A system crash occurs during flow deletion and GRO table cleanup, specifically when an IPv6 Virtual Server (VS) flow that was marked for deletion has a trailing packet.
Symptoms:
In such a scenario, Service Engine can crash with a segmentation fault at rte_pktmbuf_free
To investigate further, you can review the latest stack traces from the Controller or SE by accessing the following path:
CLI:
Log in to the Controller via SSH and run this command. Please note you have to replace the name of the se_dp file here.

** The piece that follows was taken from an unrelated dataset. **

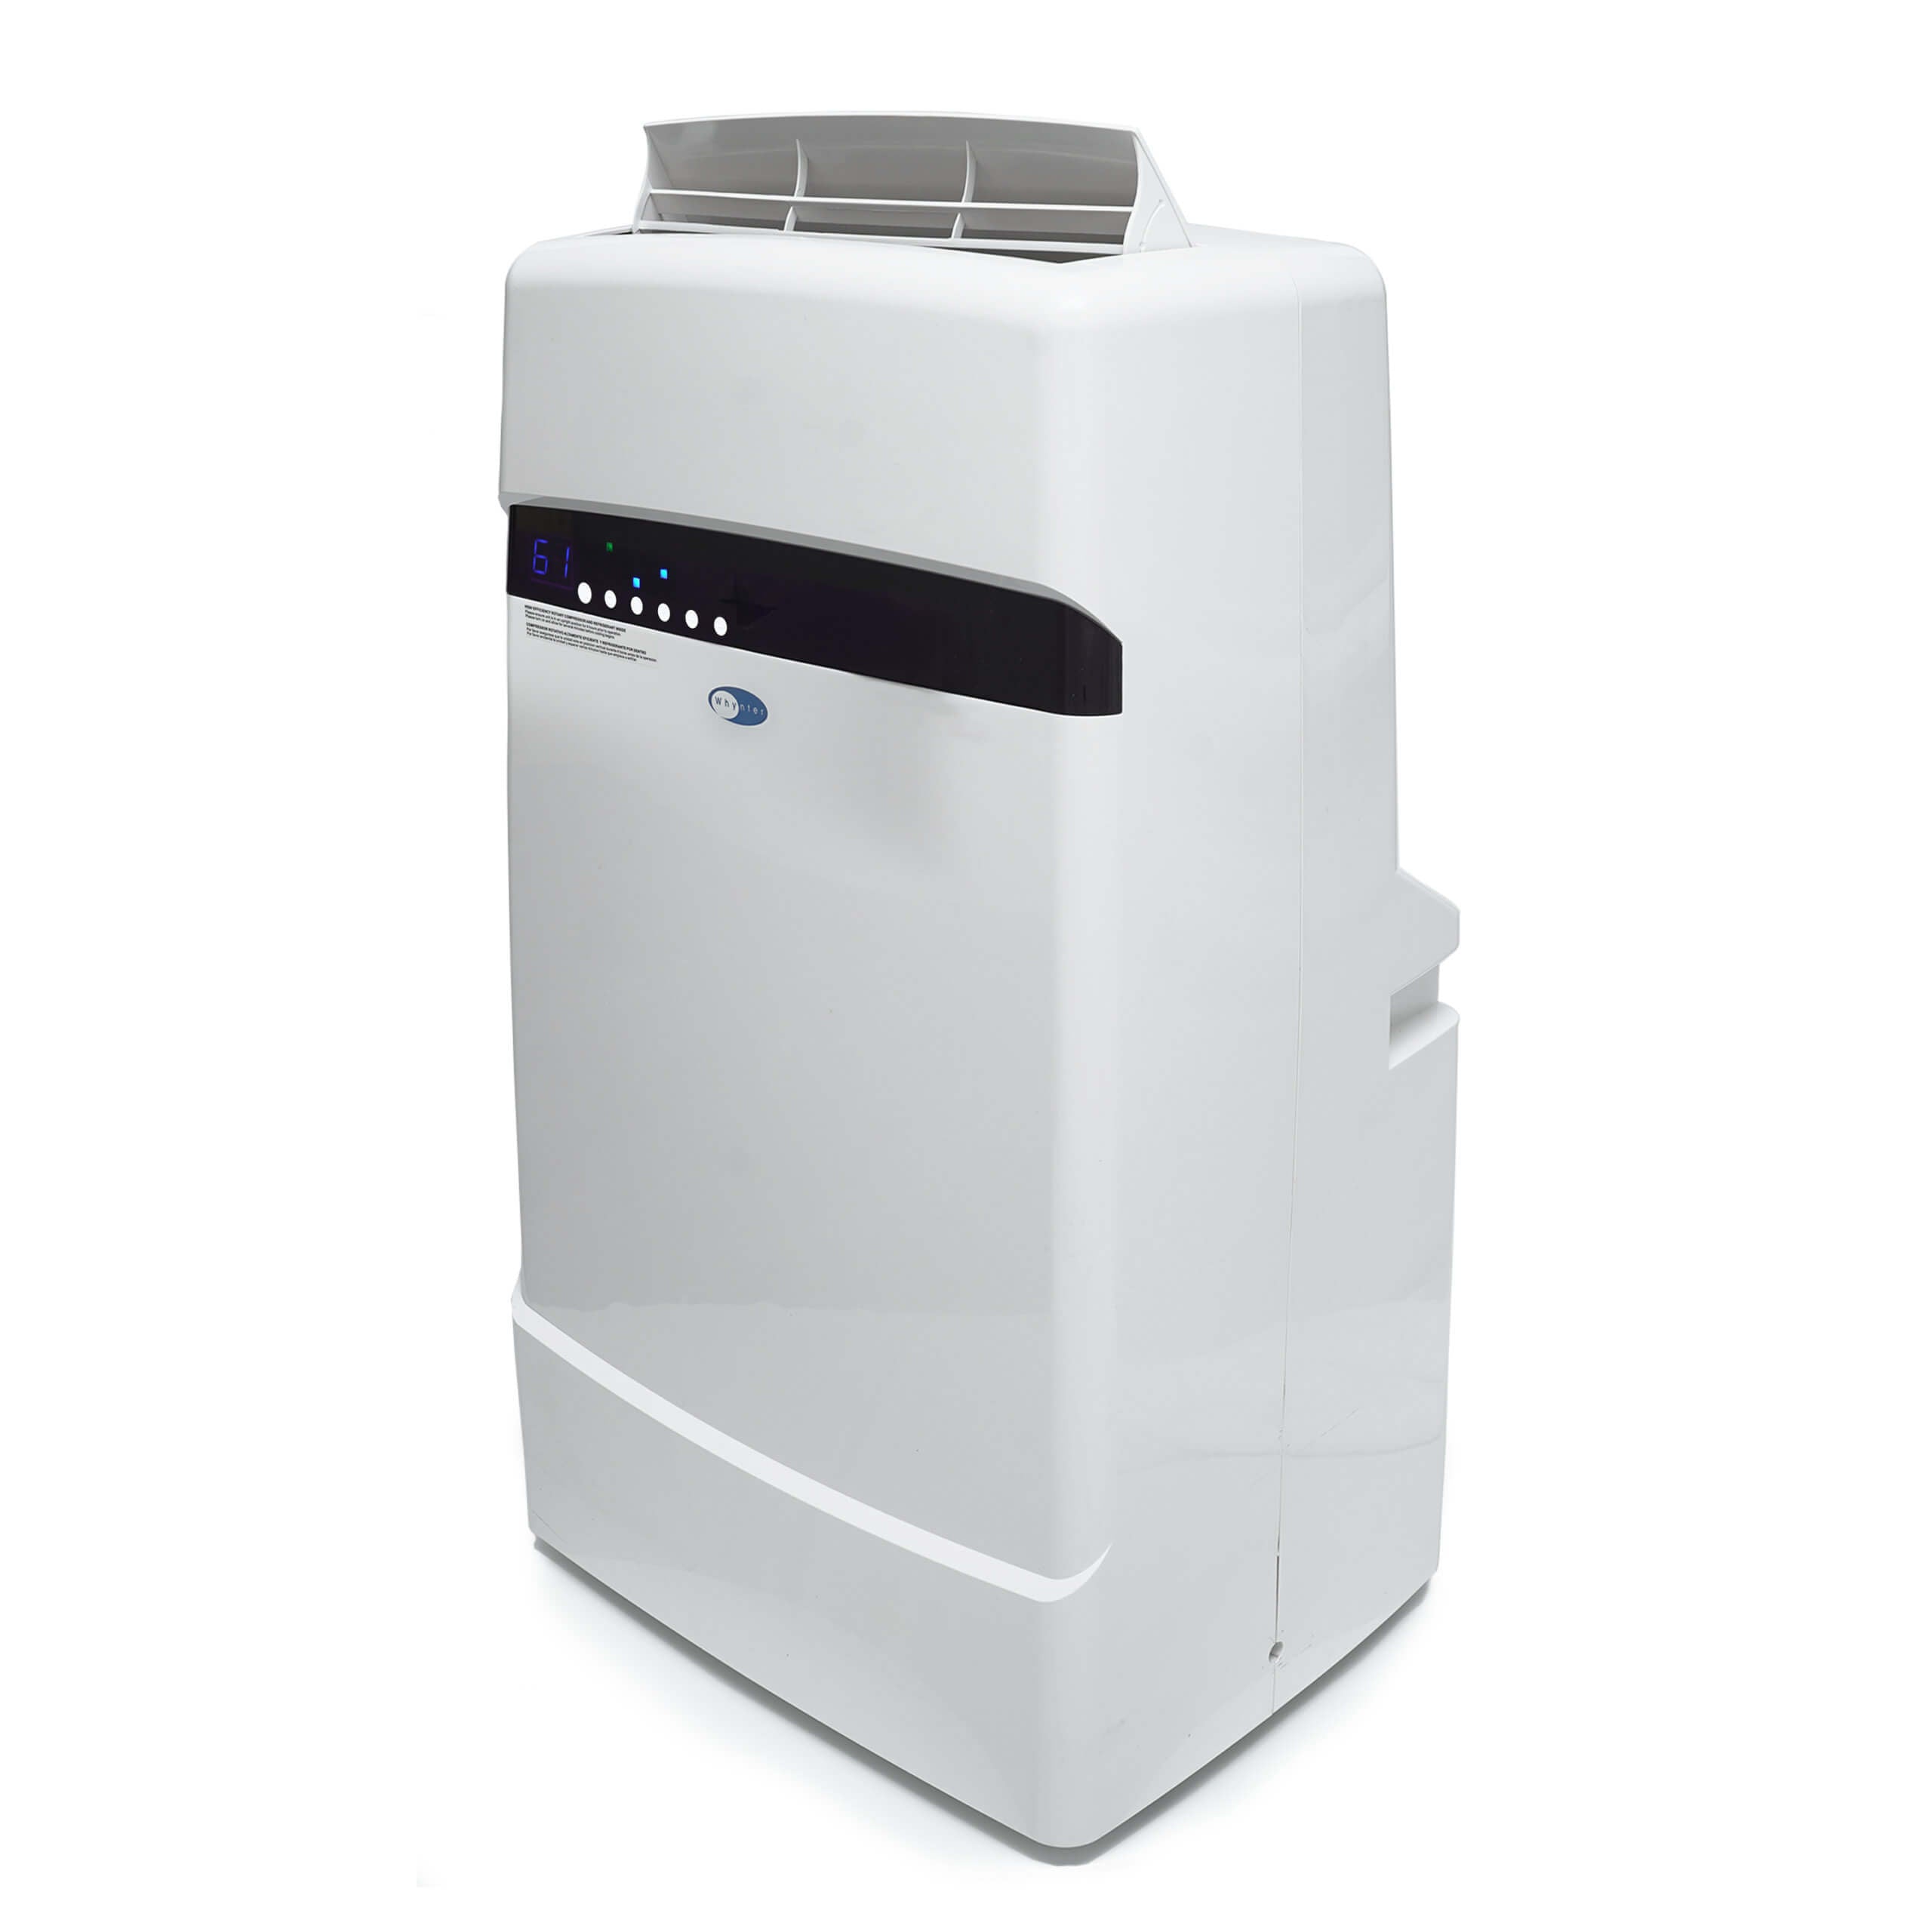 Whynter, Whynter ARC-12SD 12,000 BTU Portable Air Conditioner with Dehumidifier New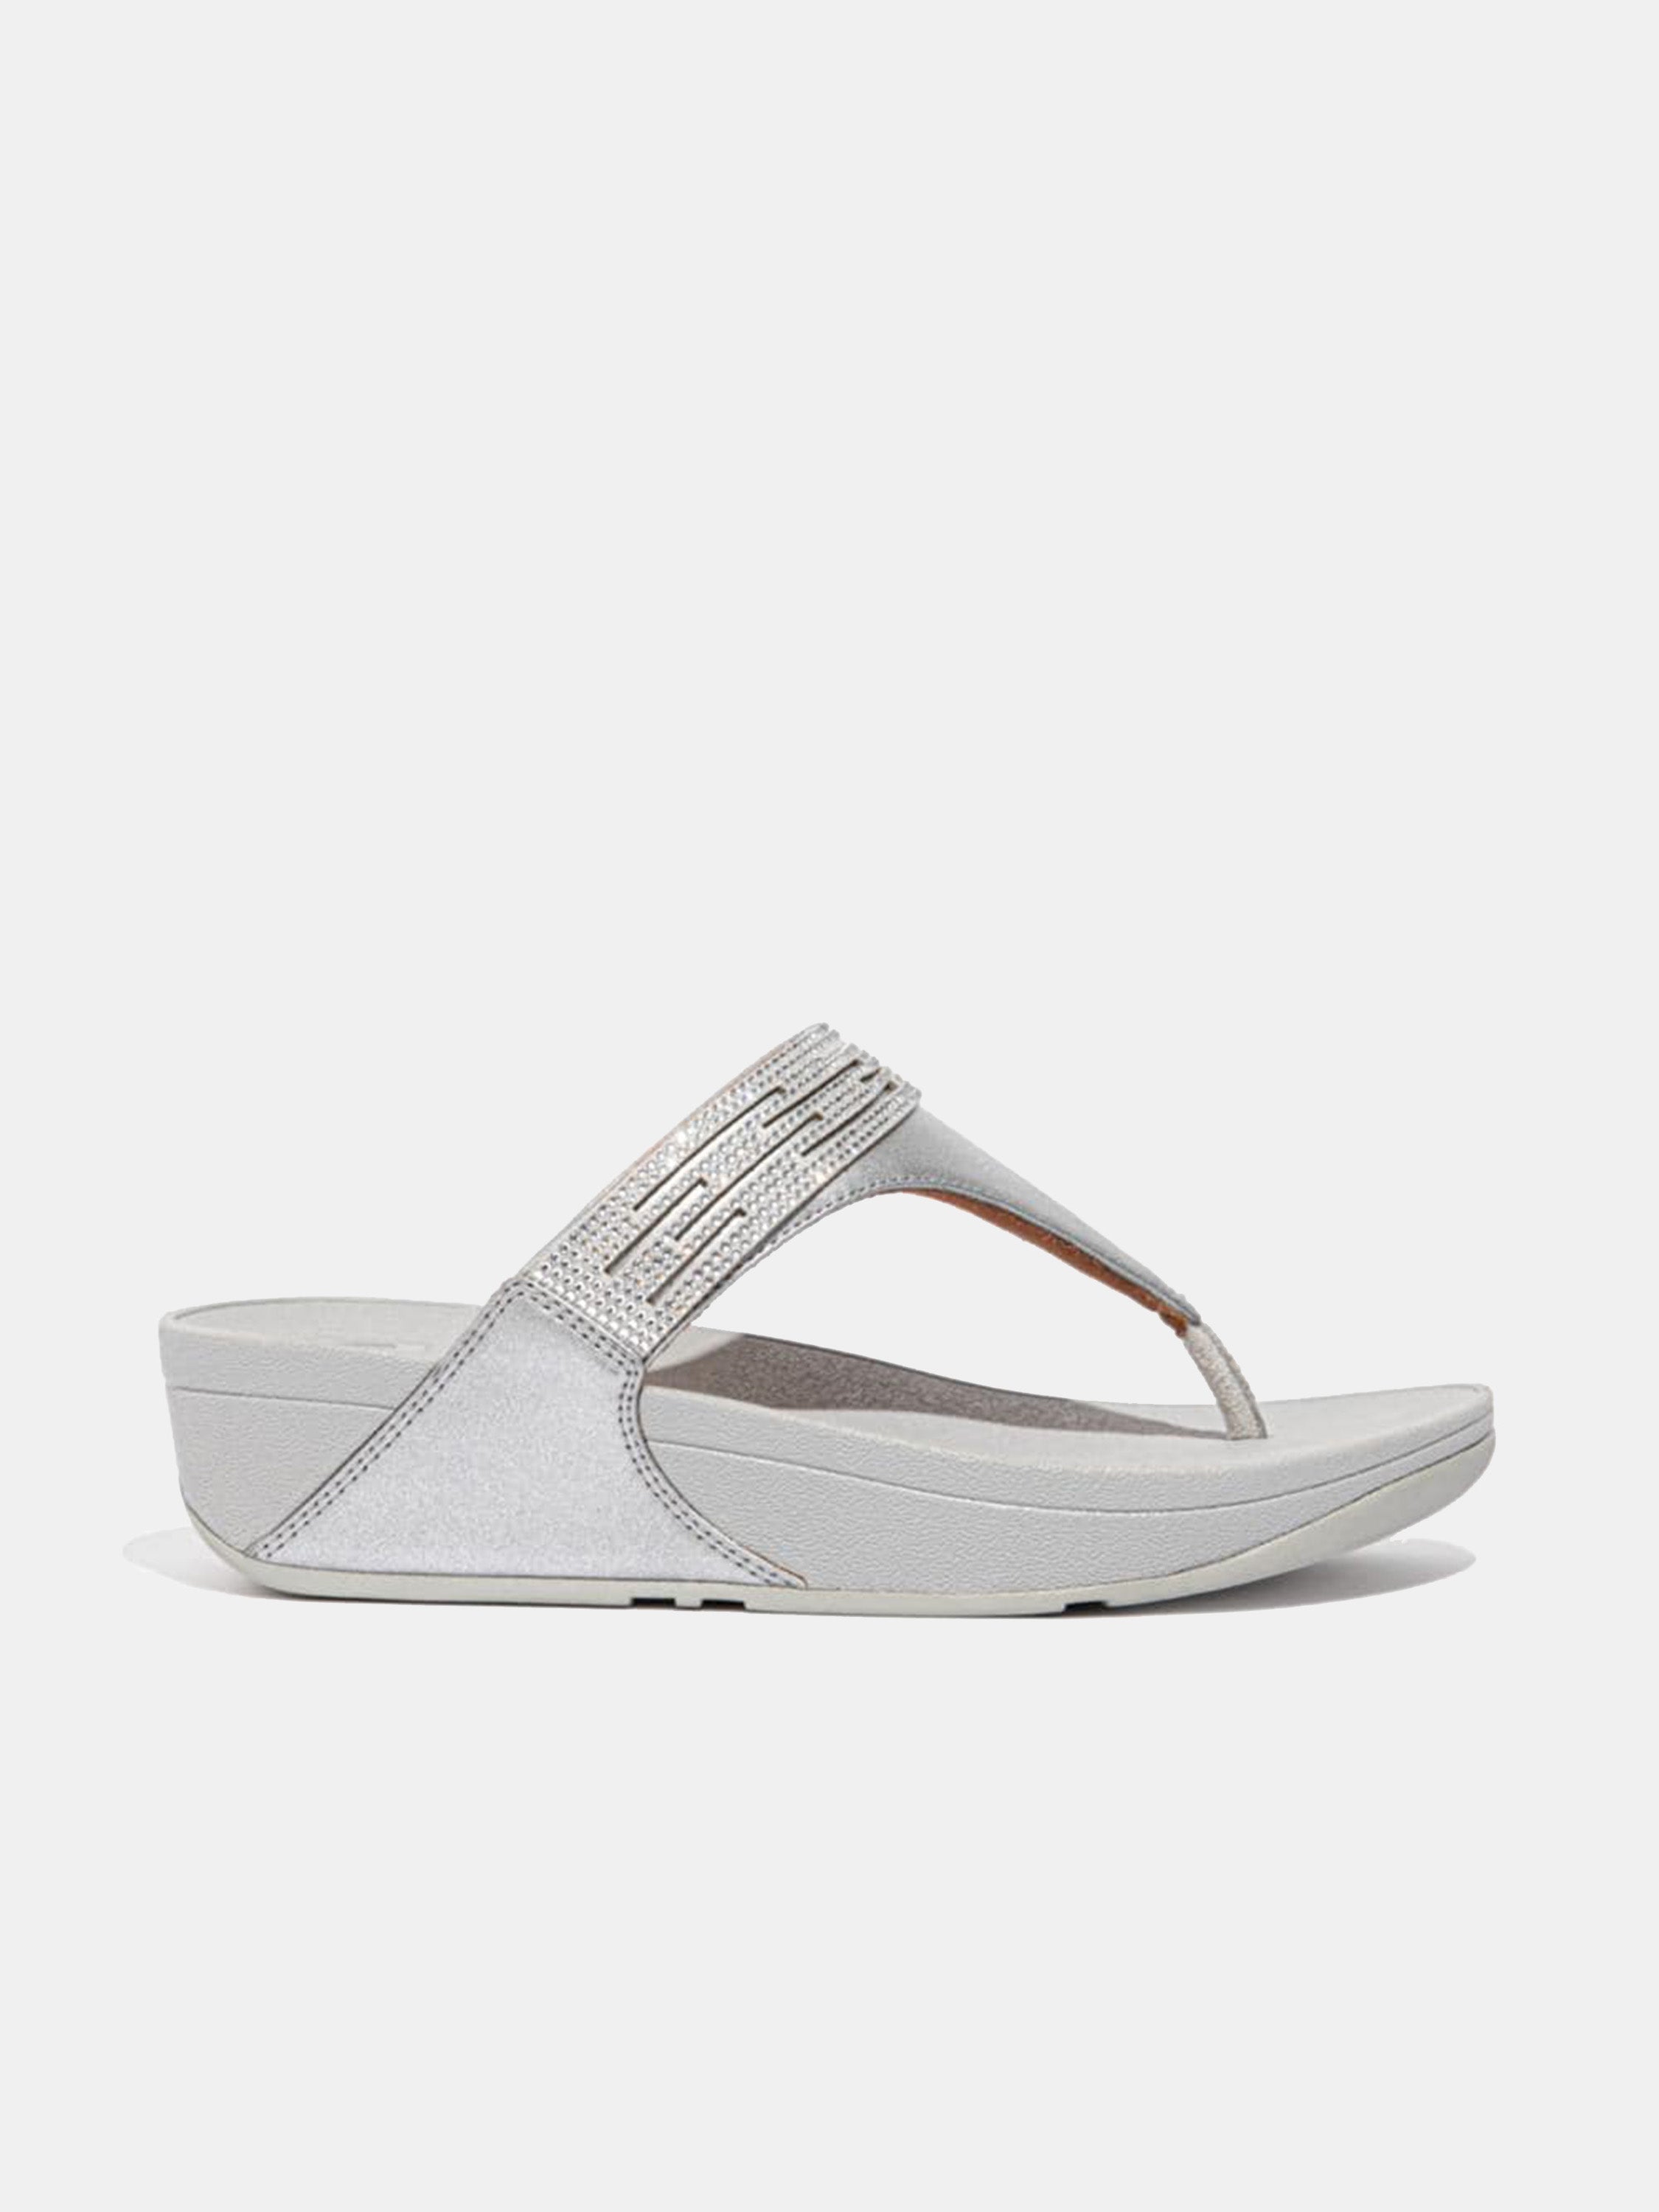 FitFlop Lulu Women's Lasercrystal Leather Toe-Post Sandals #color_Silver

root@<Controller ip>:# cat /opt/avi/archive/stack_traces/<se_dp.timestamp>.stack_trace
UI:
Navigate to Administration > Support > Crash Reports > Expand the latest crash file.
Avi Version: 30.2.2
IPV6 Virtual service
The core issue stems from a race condition and stale memory access during the cleanup of IPv6 Virtual Service flows.
Trailing Packet Anomaly: A trailing packet arrives for an IPv6 VS flow that has already been marked for deletion. This packet puts the Generic Receive Offload (GRO) layer in an inconsistent state.
Stale Memory Access during Cleanup: Subsequently, during the process of deleting this flow and cleaning up its associated GRO table entries, the system attempts to access memory that has either been deallocated or contains outdated information. This stale memory access leads to the system crash.
Workaround: Disable GRO in the service engine group.
The workaround is to disable GRO in the service engine group settings.
Please refer to the commands below. The command will toggle the disable_gro value from True to False.
Log in to the CLI of the Avi Controller
shell
configure serviceenginegroup <se_group_name>
disable_gro
save
Verify the changes:
show serviceenginegroup <se_group_name> | grep disable_gro
The above command should return false as below.
| disable_gro | False |
Note: Reboots of service engines are not required.
The issue has been fixed in 30.2.2-2p6
Note: Reboot of service engines are not required.